Pericardial Reinforcement for Hemostasis in Aortic Aneurysm Surgery

Ashok K Srivastava, MS, MCh, Shantanu Pandey, MS, Aditya Kapoor, MD, DM,1

Department of Cardiovascular Surgery
1 Department of Cardiology
Sanjay Gandhi Post-Graduate Institute of Medical Science
Lucknow, India
For reprint information contact: Ashok K Srivastava, MS, MCh Tel: 91 522 44 0963 Fax: 91 522 44 0017/ 0973 email: ashok{at}sgpgi.ac.in Department of Cardiovascular Surgery, Sanjay Gandhi Post-Graduate Institute of Medical Science, Raebareli Road, Lucknow 226014, India.

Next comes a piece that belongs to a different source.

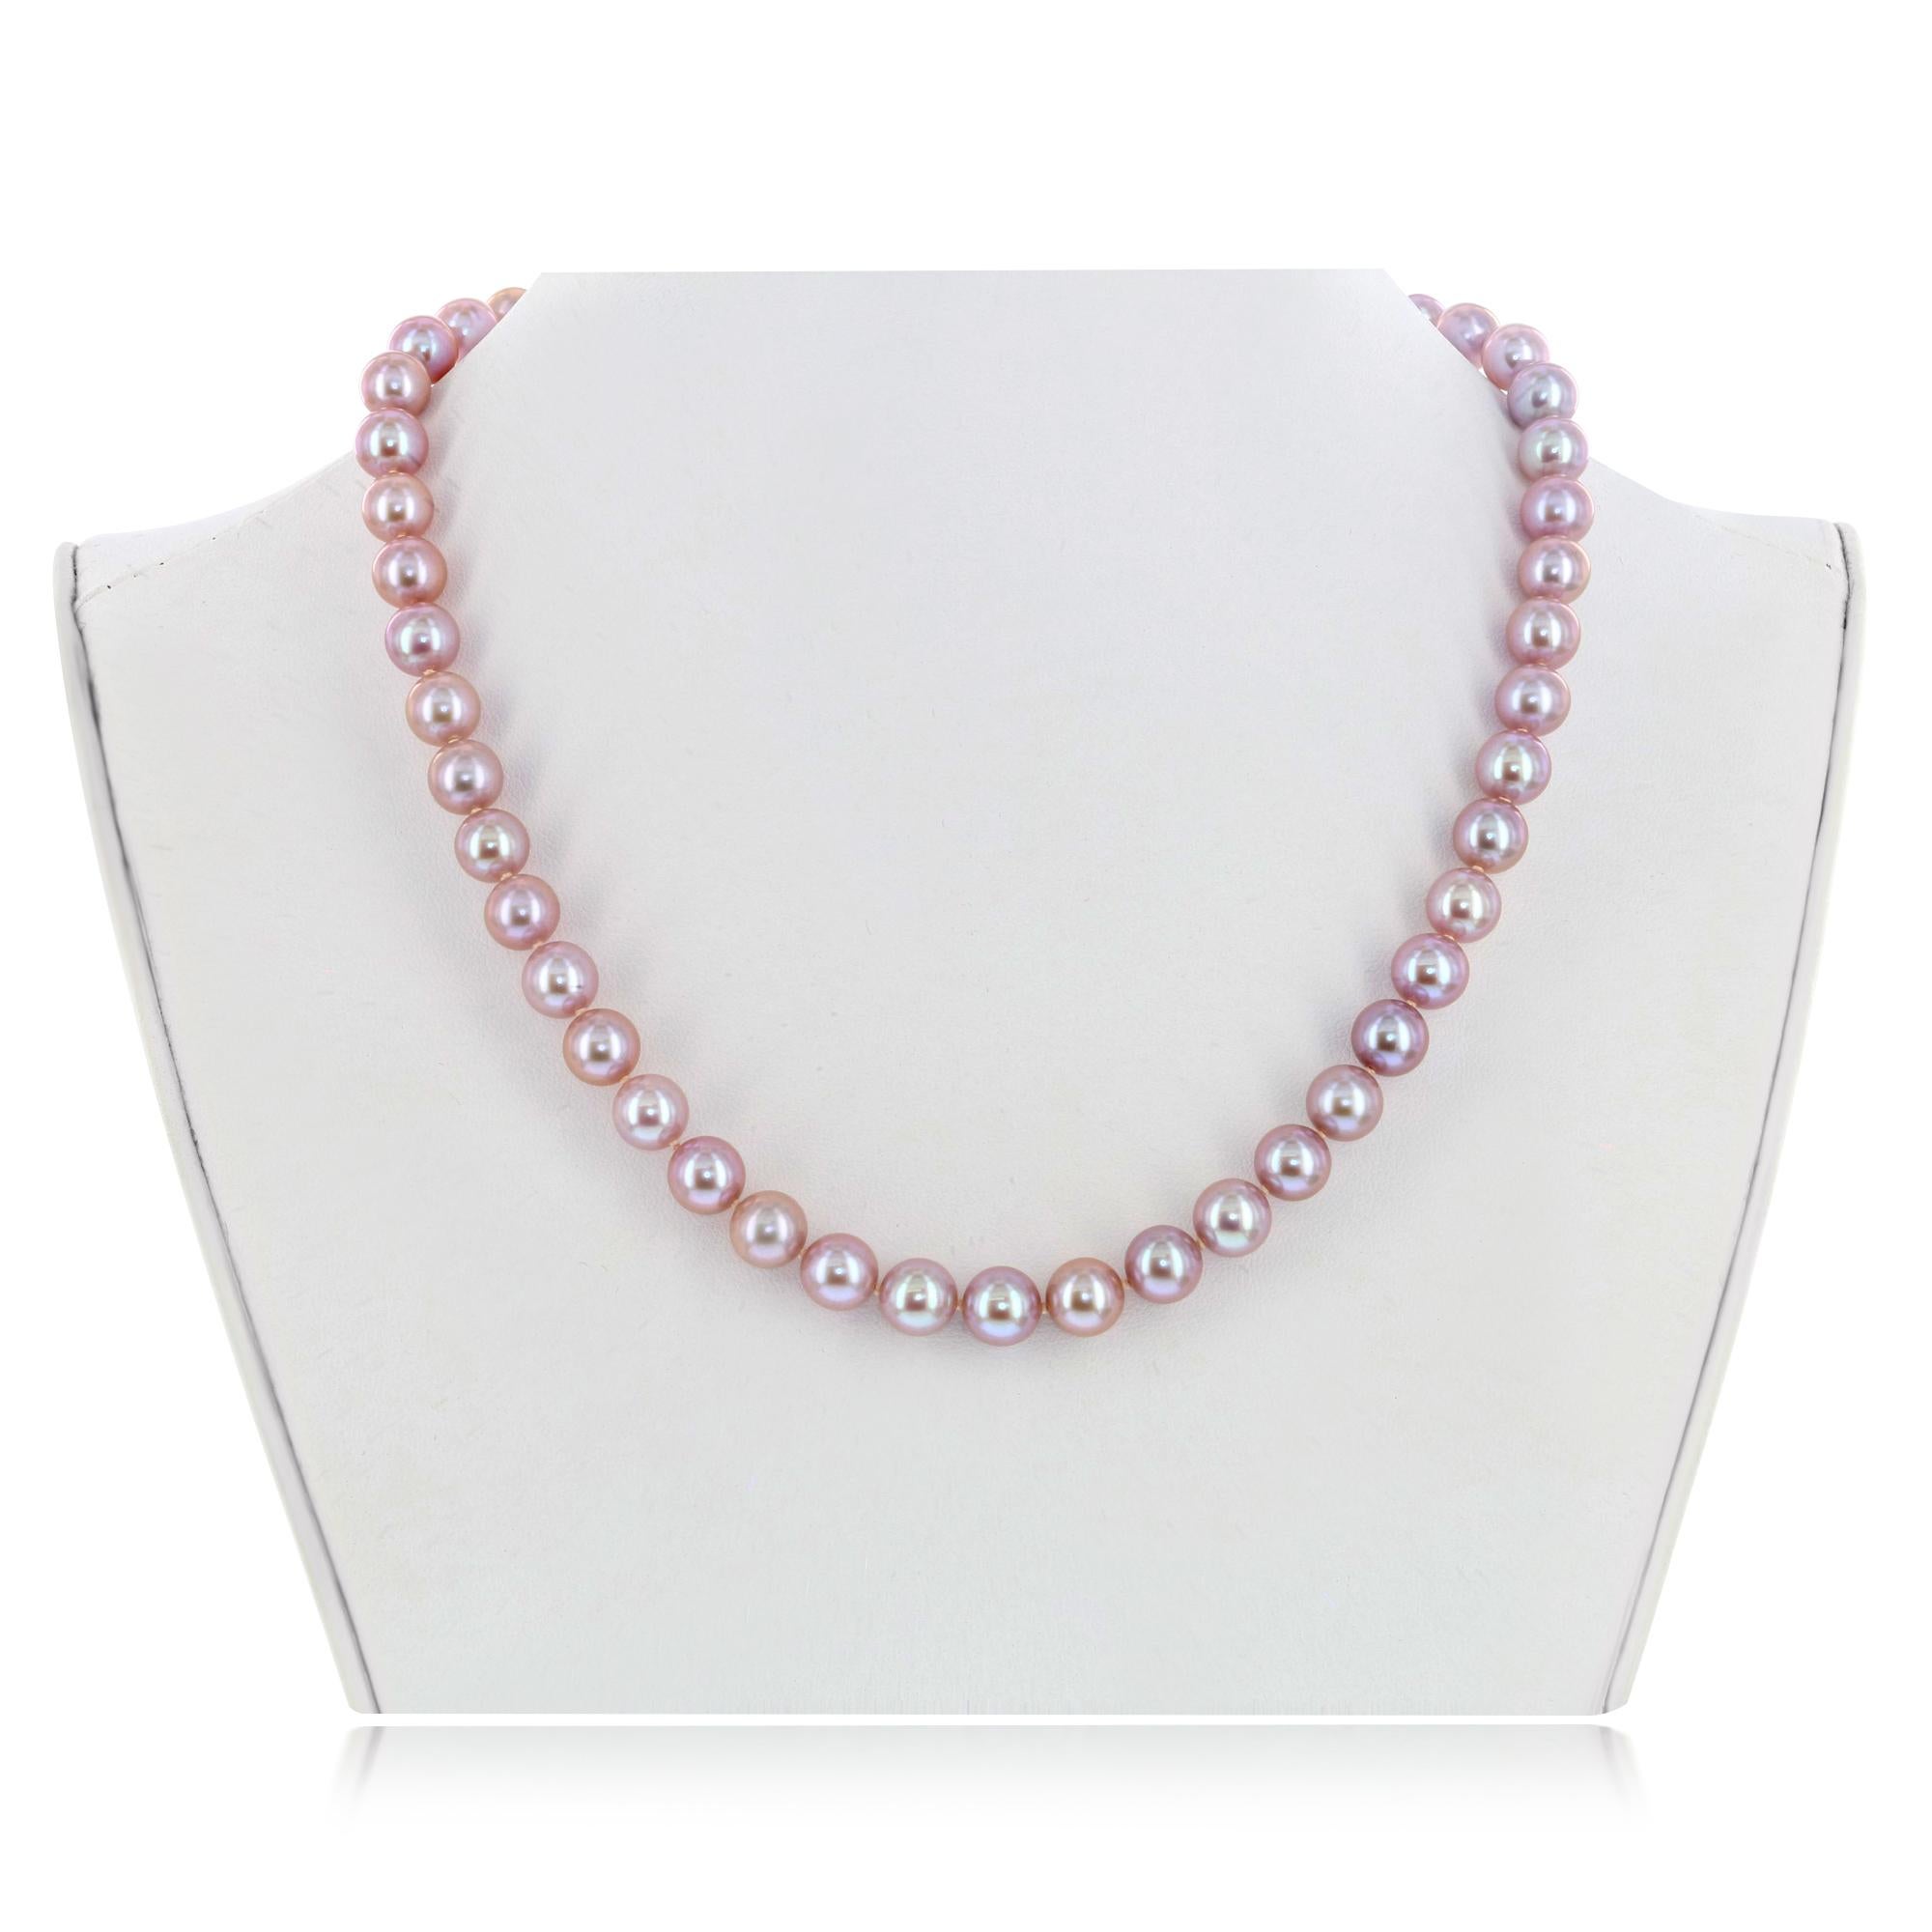 This exquisite Chinese freshwater cultured pearl necklace features distinctive, lustrous, natural color pink round pearls measuring 7.5-8mm. The necklace is strung with a classic 14K white gold filigree clasp.
This necklace makes the perfect

Multiple anastomotic suture lines in aortic aneurysm surgery are prone to bleeding. To improve hemostasis, a 15-mm-wide strip of native pericardium was used to reinforce all anastomotic suture lines. This technique was used in 4 consecutive patients who underwent modified Bentall and elephant trunk procedures for extensive aortic aneurysm. The mean cardiopulmonary bypass time was 230 minutes and the mean aortic crossclamp time was 92 minutes. Mean blood loss through the mediastinal drainage tubes was 193 mL in the first 12 hours postoperatively and the mean blood requirement was 3 units. It was concluded that this technique markedly improved hemostasis in extensive aortic aneurysm surgery.